A specialist works on a server rack during JRSS installation at Joint Base San Antonio, the first U.S. base to go operational with it.


Although many of DOD's cybersecurity initiatives are currently common across all military organizations, under the legacy information architecture each service has had the ability to make important decisions about how to design its networks and how to structure their respective cyber defenses. This disjointed approach to cybersecurity has led to major challenges as a result of varying levels of cyber protection.

“When you look today across the DOD enterprise, without standardization every combatant command, service and agency is left to make decisions for themselves,” leading to “one-off or point solutions,” said Booz Allen Hamilton’s Medairy. However, standardizing a set of core infrastructure components that provide common security capabilities, he believes, will help the U.S. military achieve transparency across its networks and to rapidly respond to emerging cyber threats. “Through this centralized architecture and through these regional security stacks, the Department of Defense is going to be more agile and nimble in rolling out new and innovative capabilities in a much faster way than they could in the past.”

According to Hallihan, the "end-to-end" cybersecurity approach of JRSS will significantly improve DOD's ability to defend against cyberattacks. In addition, she believes that through standardization and data sharing, the military will have broader visibility into its networks and will be able to much more quickly construct and execute defensive actions.

“In order to respond to these ever-increasing and sophisticated threats, we need to have a better global synchronized network operations response to those threats,” Hallihan said. “This architecture really allows us to accelerate the standardization of command and control, and it also enables us to be globally synchronized from a network operations perspective.”

Working with defense enterprise operations centers to manage user access, JRSS will provide the ability to see what is going on inside the networks. Cyber operators at every level will be able to see the status of the networks for operations and security. This enhanced situational awareness in cyberspace is meant to better synchronize cyber responses, maximize operational efficiencies, and reduce risk.

Making the switch

Dave Cotton, DOD’s acting deputy CIO for information enterprise, who is responsible for providing the leadership, strategy, and guidance for JIE, said that the JRSS foundational layer includes network standardization and optimization across DOD networks, such as increasing bandwidth capabilities where necessary and switching upgrades through Multi-Protocol Label Switching (MPLS) technology.

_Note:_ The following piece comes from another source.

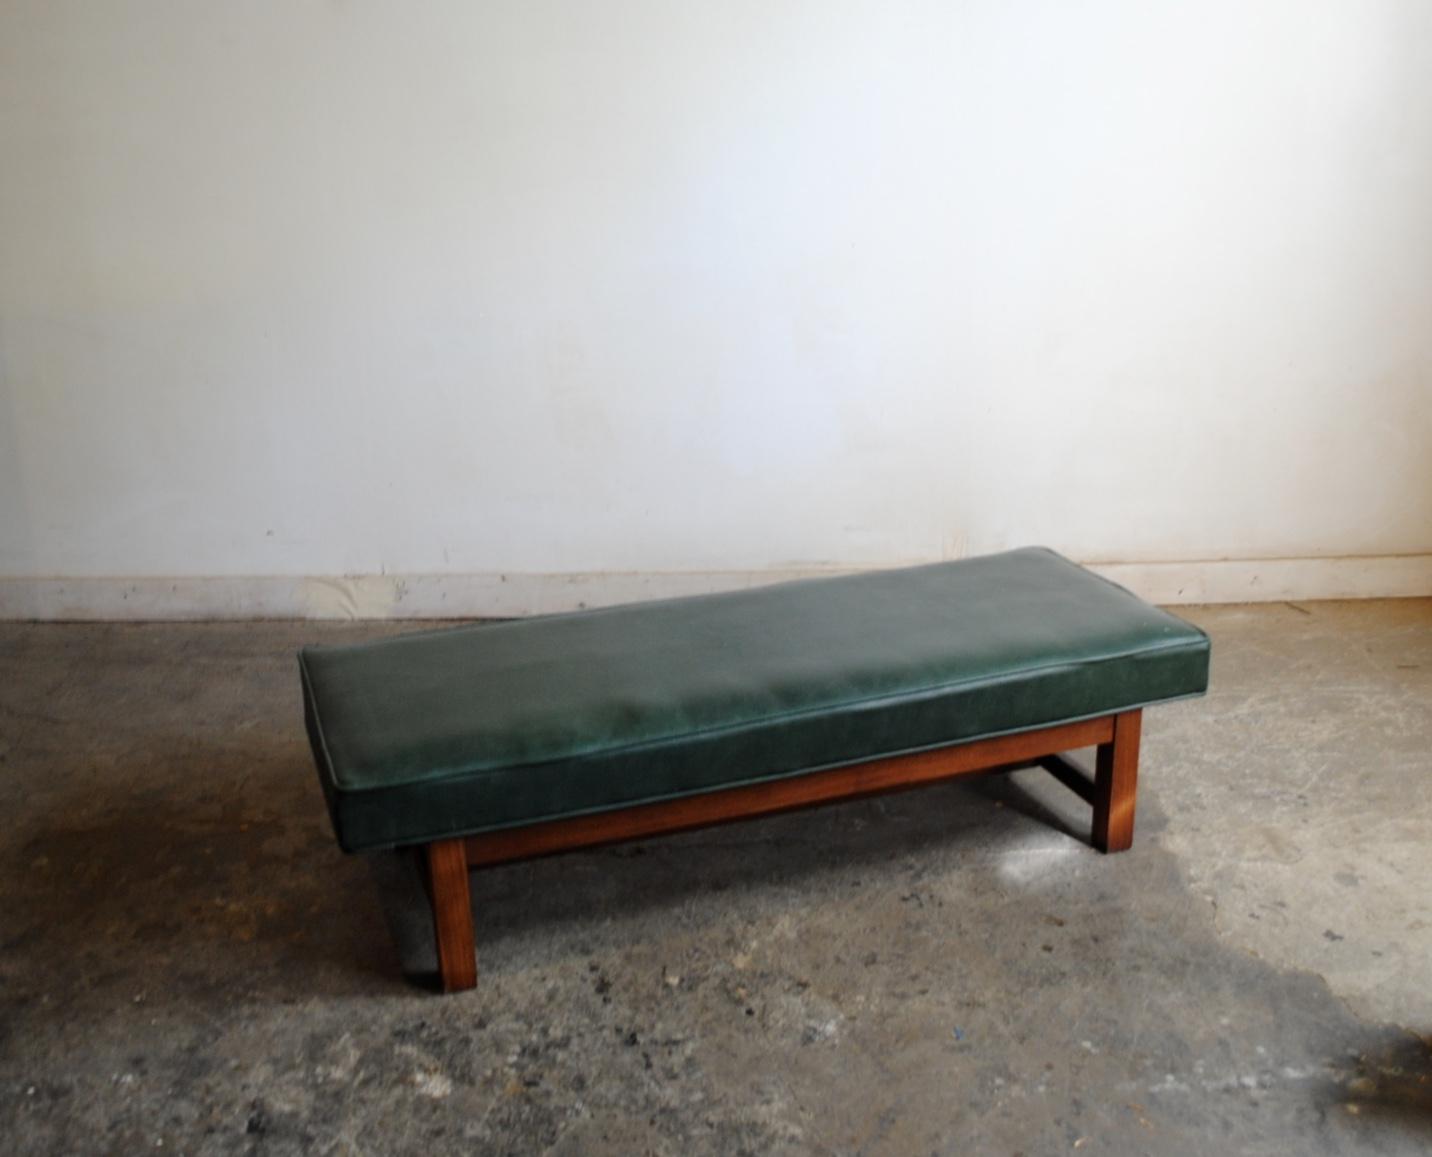 midcentury modern bench u2013 solid walnut base with dark green naugahyde cushion dimensions are 485u2033l x 185u2033w x 125u2033h please contact me with any

MPLS, which enables higher bandwidth/throughput and faster routing capabilities, allows the department to “stop leasing circuits and get away from the legacy-based circuits to a more IP-based infrastructure,” he said. “That provides the foundation then to put the security component in place.” MPLS routers are an industry-standard for speeding and managing network traffic flow. JRSS is prompting a massive effort to expand capacity and increase throughput across Army and Air Force bases with MPLS upgrades to the network backbone that will increase the bandwidth to 100 gigabytes per second.

According to Cotton, MPLS also enables DOD to route and secure network traffic for a specific mission instead of just for a particular location, resulting in more focused and coherent command and control for missions. Unlike the one-size-fits-all networks that DOD currently operates, he says the JIE will provide operational commanders more freedom to take cybersecurity risks with the networks since the risks can be contained to the decision support and systems specifically needed for that mission. This is a significant change from today's DOD networks which impose more operational constraints on commanders.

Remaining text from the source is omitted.